Arthur Laffer at a restaurant drew a
curve on a napkin. He argued that
cutting taxes would eventually spur more investment and therefore the increased
economic growth would pay for itself and therefore no cuts to social-welfare
programs would be needed.
In reality, this was a facade. It a 1980 president debate when then
candidate John Anderson was asked how Reagan could cut taxes and increase
military spending while balancing the budget, he responded it was possible only
with smoke
and mirrors. He was correct.
Eventually Reagan, with Democratic
Party complicity, did cut the top rate on taxes in America, with the affluent
and corporations benefitting the most. David Stockman, his budget director,
recognizing that the cuts would not pay for themselves, indicated in his proposed
budget that there would be $44 billion is future cuts, marked by a “magic
asterisk” in the budget.
What eventually happened is that the
US recession and tax cuts hemorrhaged the US budget, thereby becoming the
cudgel to force additional cuts to social welfare programs.
In effect supply side economics
forced economic choices upon a future Congress and president, the implications
of which we still face more than 40 years later.
Asterisk Two: The
Minnesota Budget
Minnesota has a $17.5 billion
surplus. The source of the revenue is
both one-time federal money tied into Covid relief, the other is taxes.
Covid funding is ending and is not
returning, especially with a divided Congress unlikely to expend more money and
a Republican House looking to cut.
Future tax revenues are not
guaranteed. Fears of recession are
about as the Federal Reserve raises interest rates to slow inflation and fears
of future bank failures are chilling consumer confidence. Moreover, Minnesota’s economy is performing
more slowly than many other states.
Altogether, continued tax revenue along the path Minnesota has recently
experienced is not guaranteed.
Yet despite this the Minnesota DFL,
who hold a trifecta in the state government, are prepared to spend all the
surplus, and then some. It is spending
for many worthy causes, but the sustainability
of the spending is a problem.
The spending of one-time money is
not for one-time projects. It is for
structural commitments to education, housing, and many other needs. By structural one means that these are not
one time spending commitments coming from onetime money. They are the down payment on multi-year
spending and priorities.
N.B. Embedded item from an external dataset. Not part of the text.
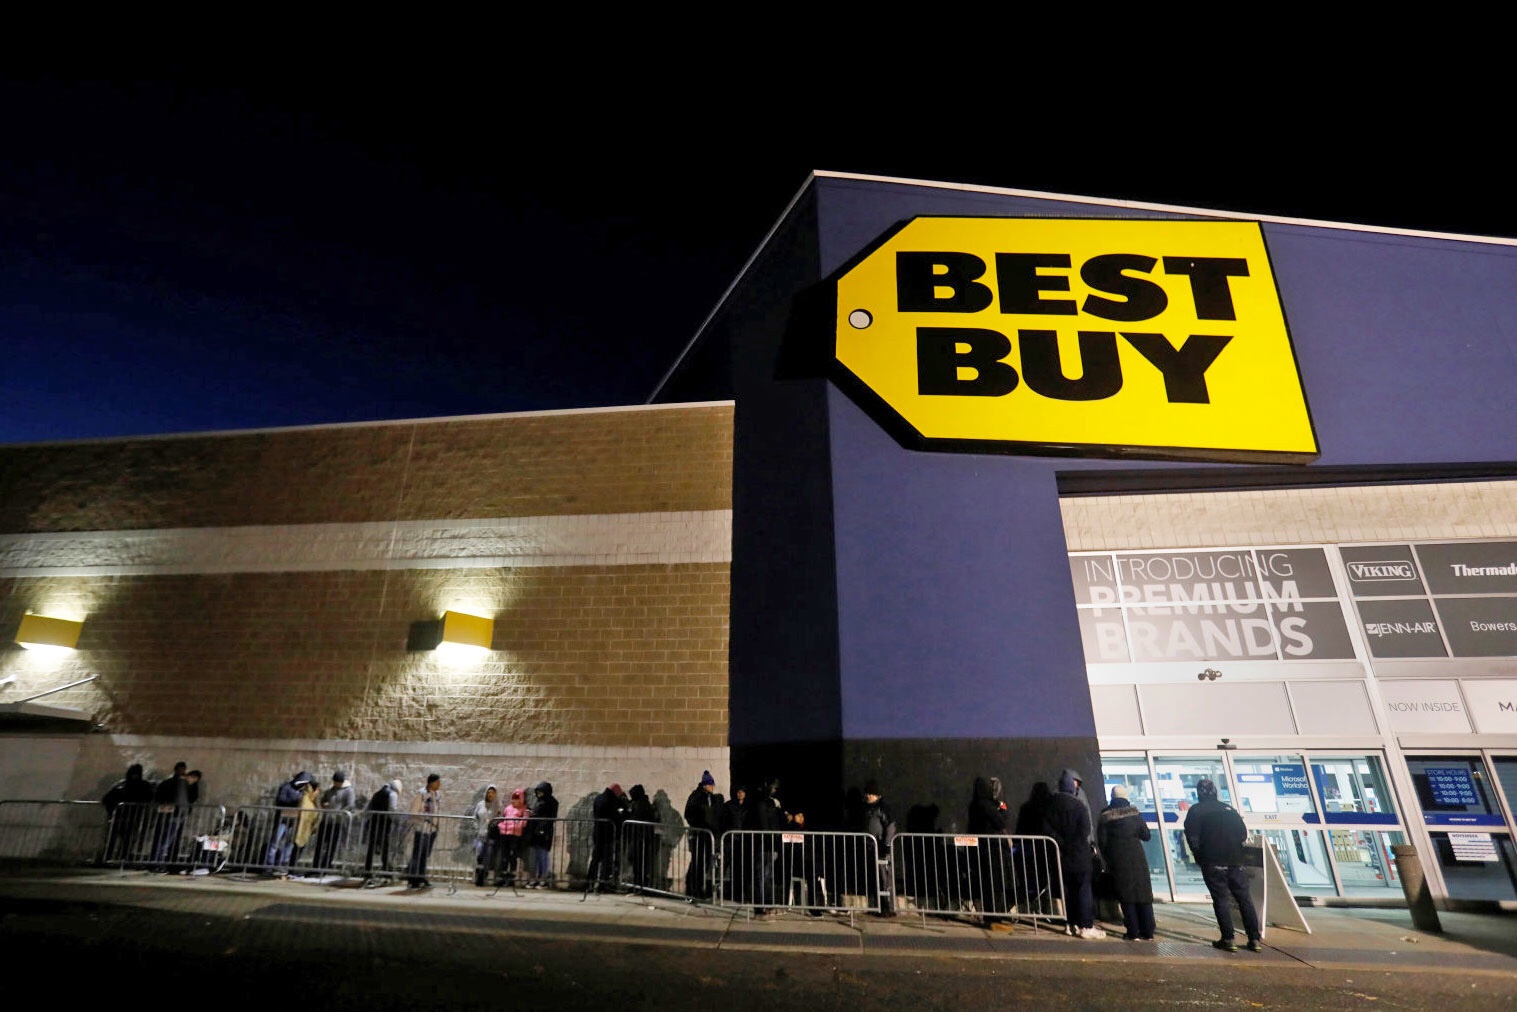 Best Buy customer data may also have been exposed

After the
surplus is spent in the next biennium budget and beyond there will be a need to
fund these commitments. And the current
and proposed taxes may not be sufficient to cover the expenditures.
I have taught economic development
and budgeting. I am well versed in Keynesian demand side economics and how
government spending can encourage economic growth. But overused, over stimulus by government
spending can be inflationary and lead to budget deficits. Government spending does not always pay for
itself, at least not in the short run.
And in the long run, as John Maynard Keynes once said, “We are all
dead.”
Perhaps the idea is that spending
all this money now on popular programs will ensure a DFL re-election. Or
perhaps the popularity of the spending will create a powerful constituency for
these programs and therefore they cannot be cut.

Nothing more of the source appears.